--- Given entries ---
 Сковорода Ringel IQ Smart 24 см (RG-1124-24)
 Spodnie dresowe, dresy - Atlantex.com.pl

==

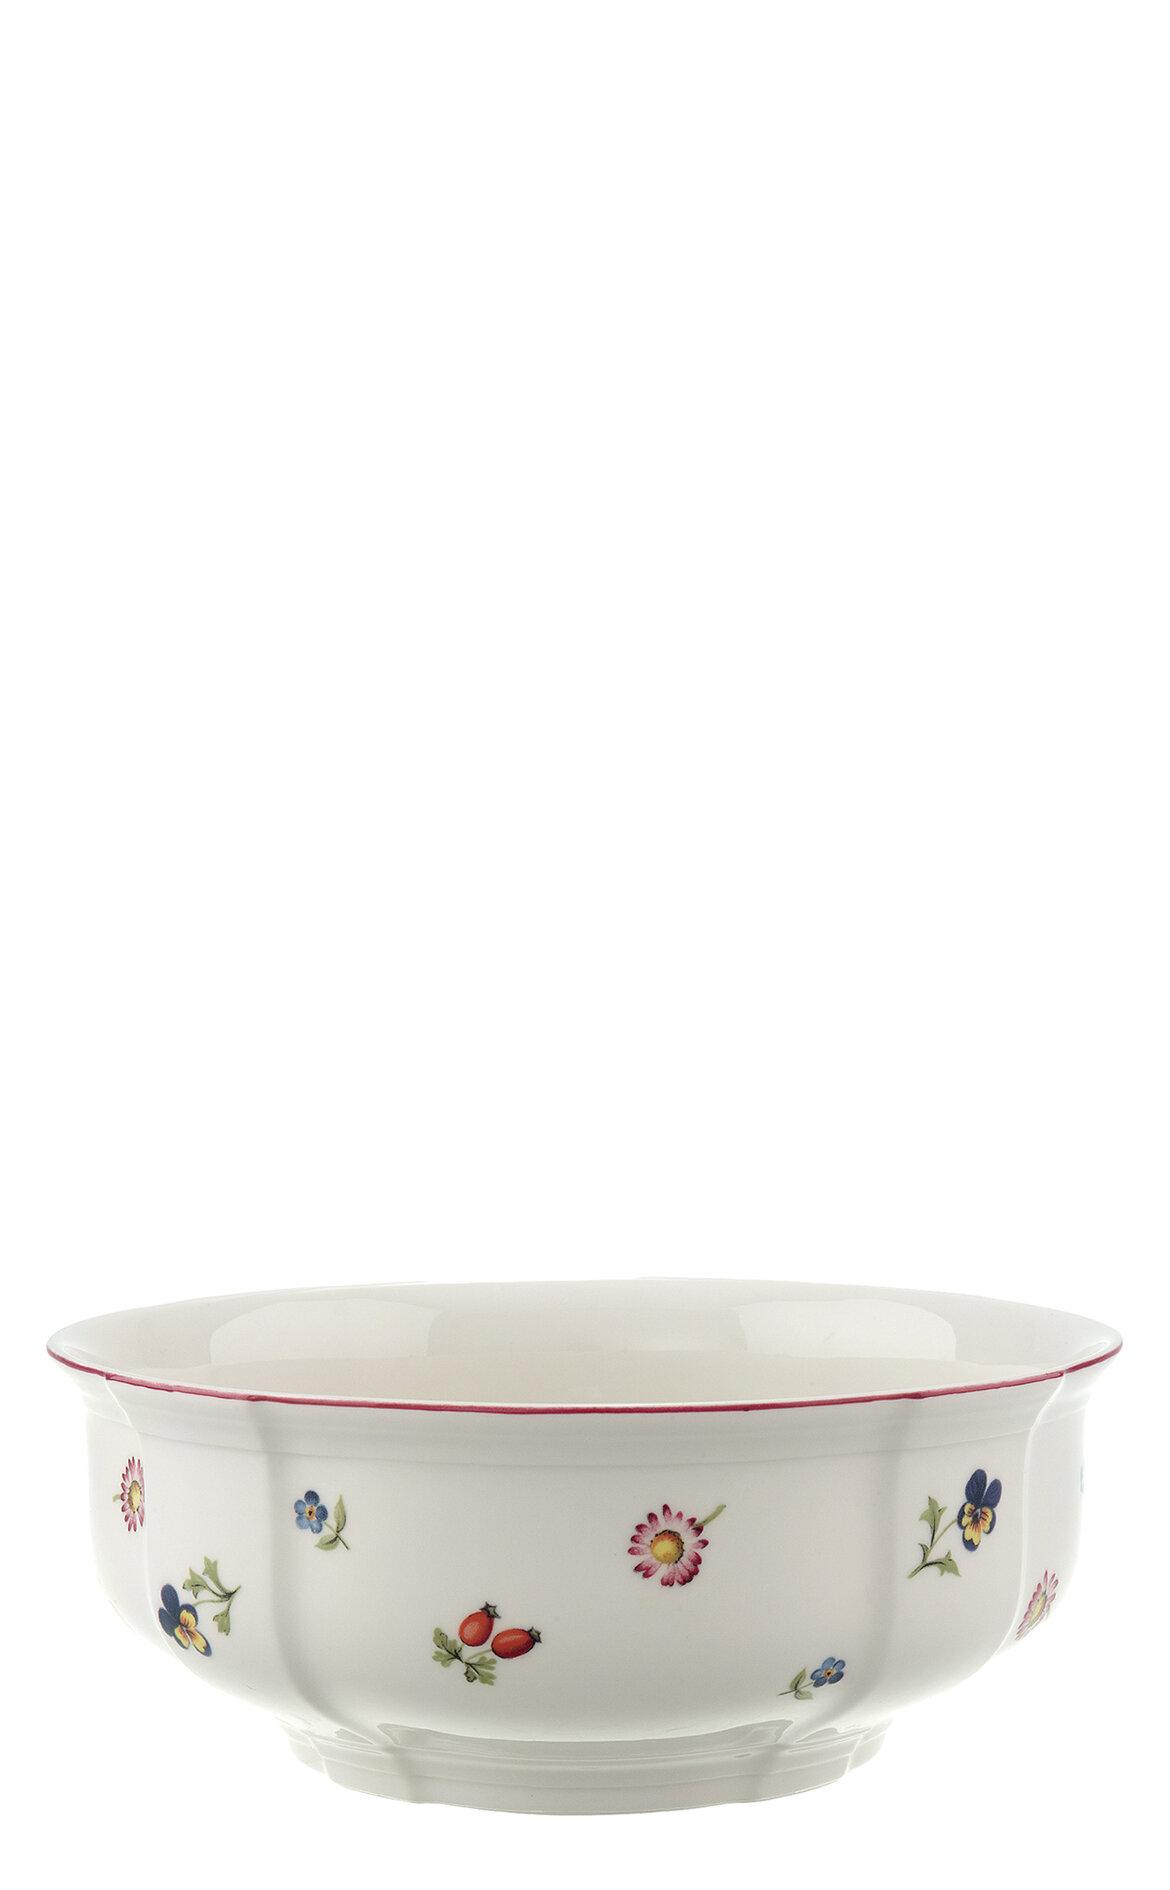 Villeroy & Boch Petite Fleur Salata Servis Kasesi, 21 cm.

...

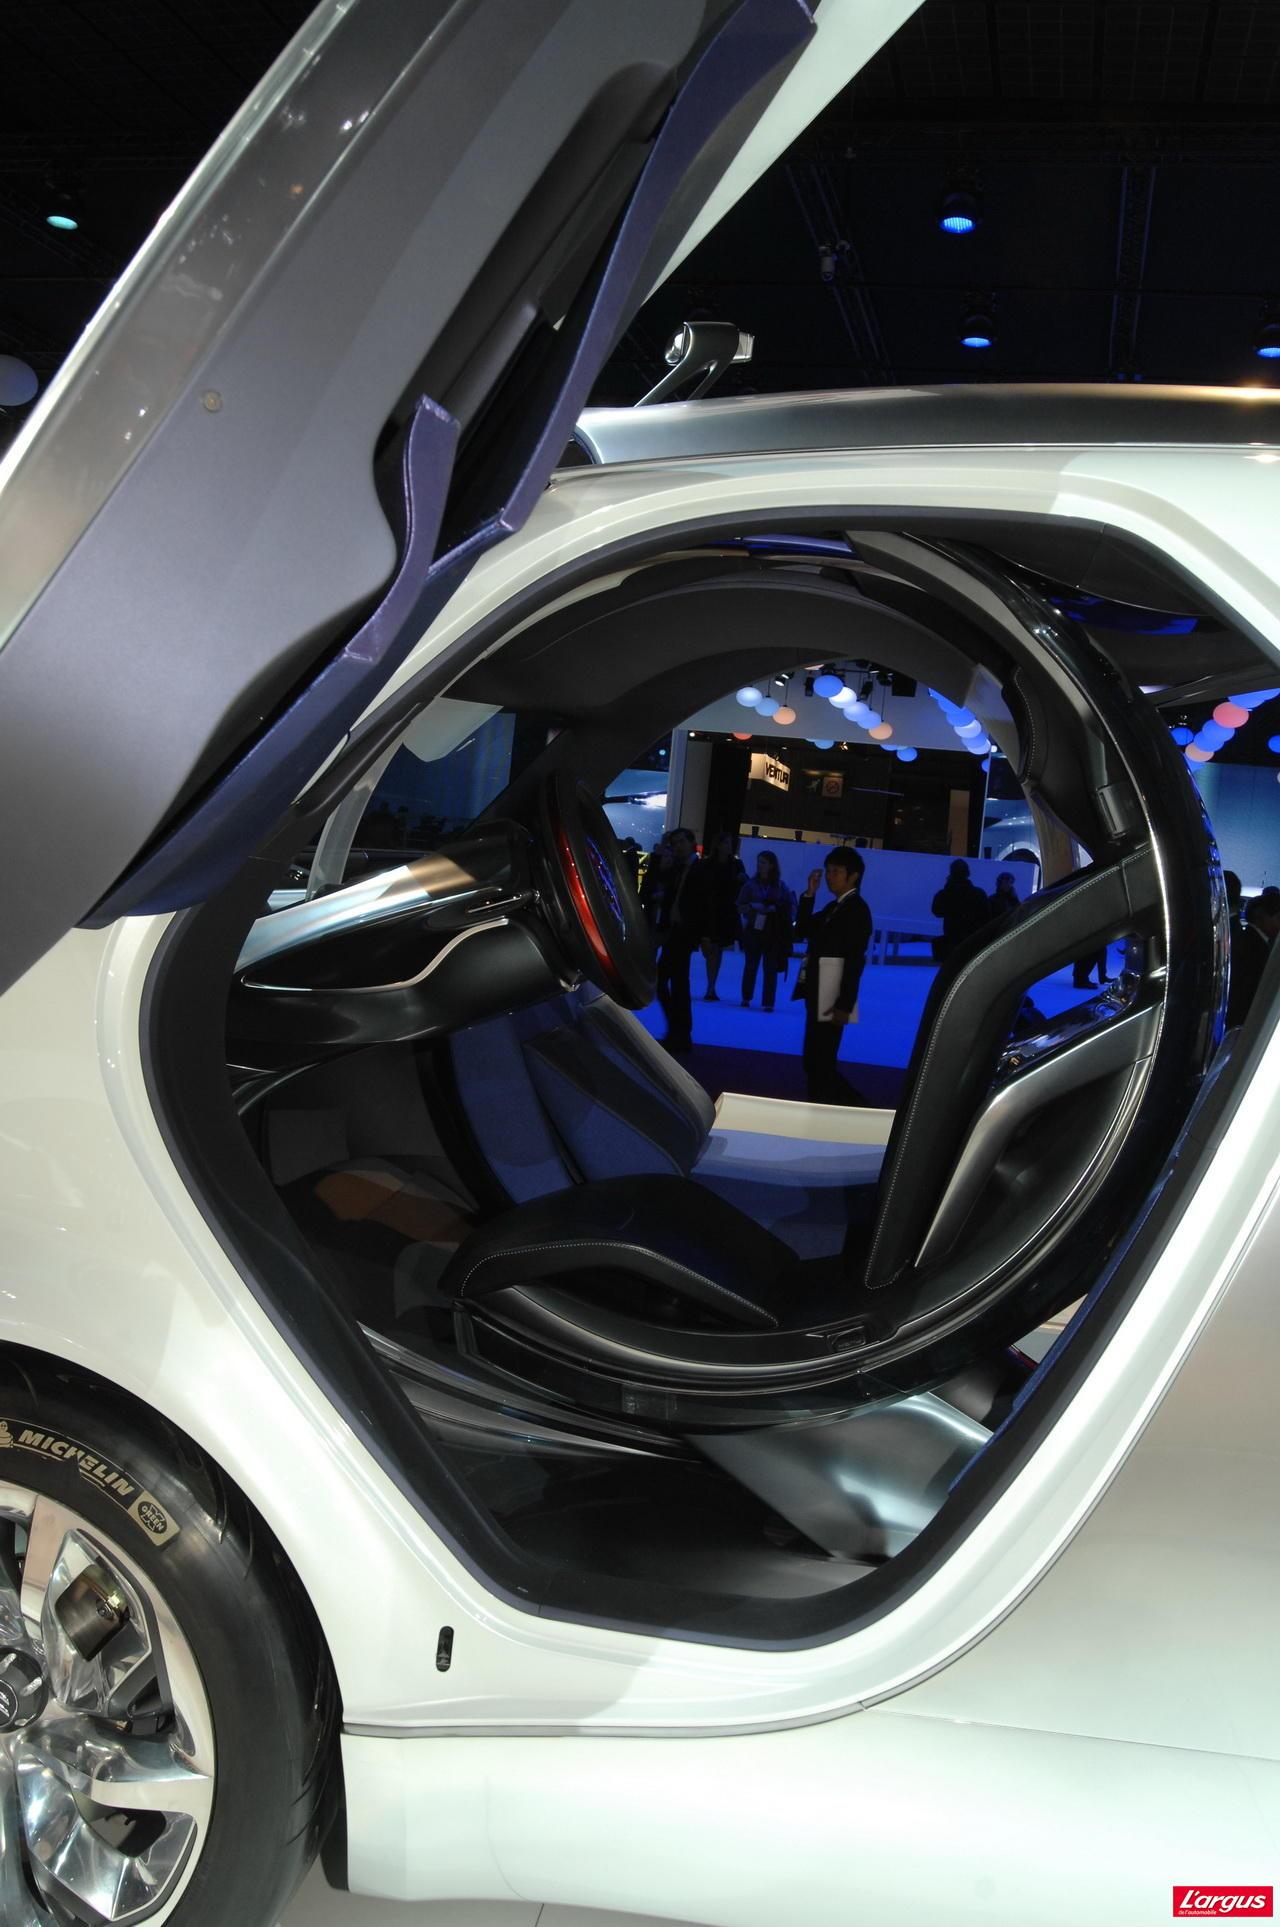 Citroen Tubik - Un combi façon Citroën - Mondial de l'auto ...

--- Task brief ---
Please return only the lines above, starting at the line that has "Сковорода Ringel IQ Smart 24 см (RG-1124-24)" and ending at the line that has "Spodnie dresowe, dresy - Atlantex.com.pl", keeping both and leaving each one unchanged.

--- Written solution ---
 Сковорода Ringel IQ Smart 24 см (RG-1124-24)
 Spodnie dresowe, dresy - Atlantex.com.pl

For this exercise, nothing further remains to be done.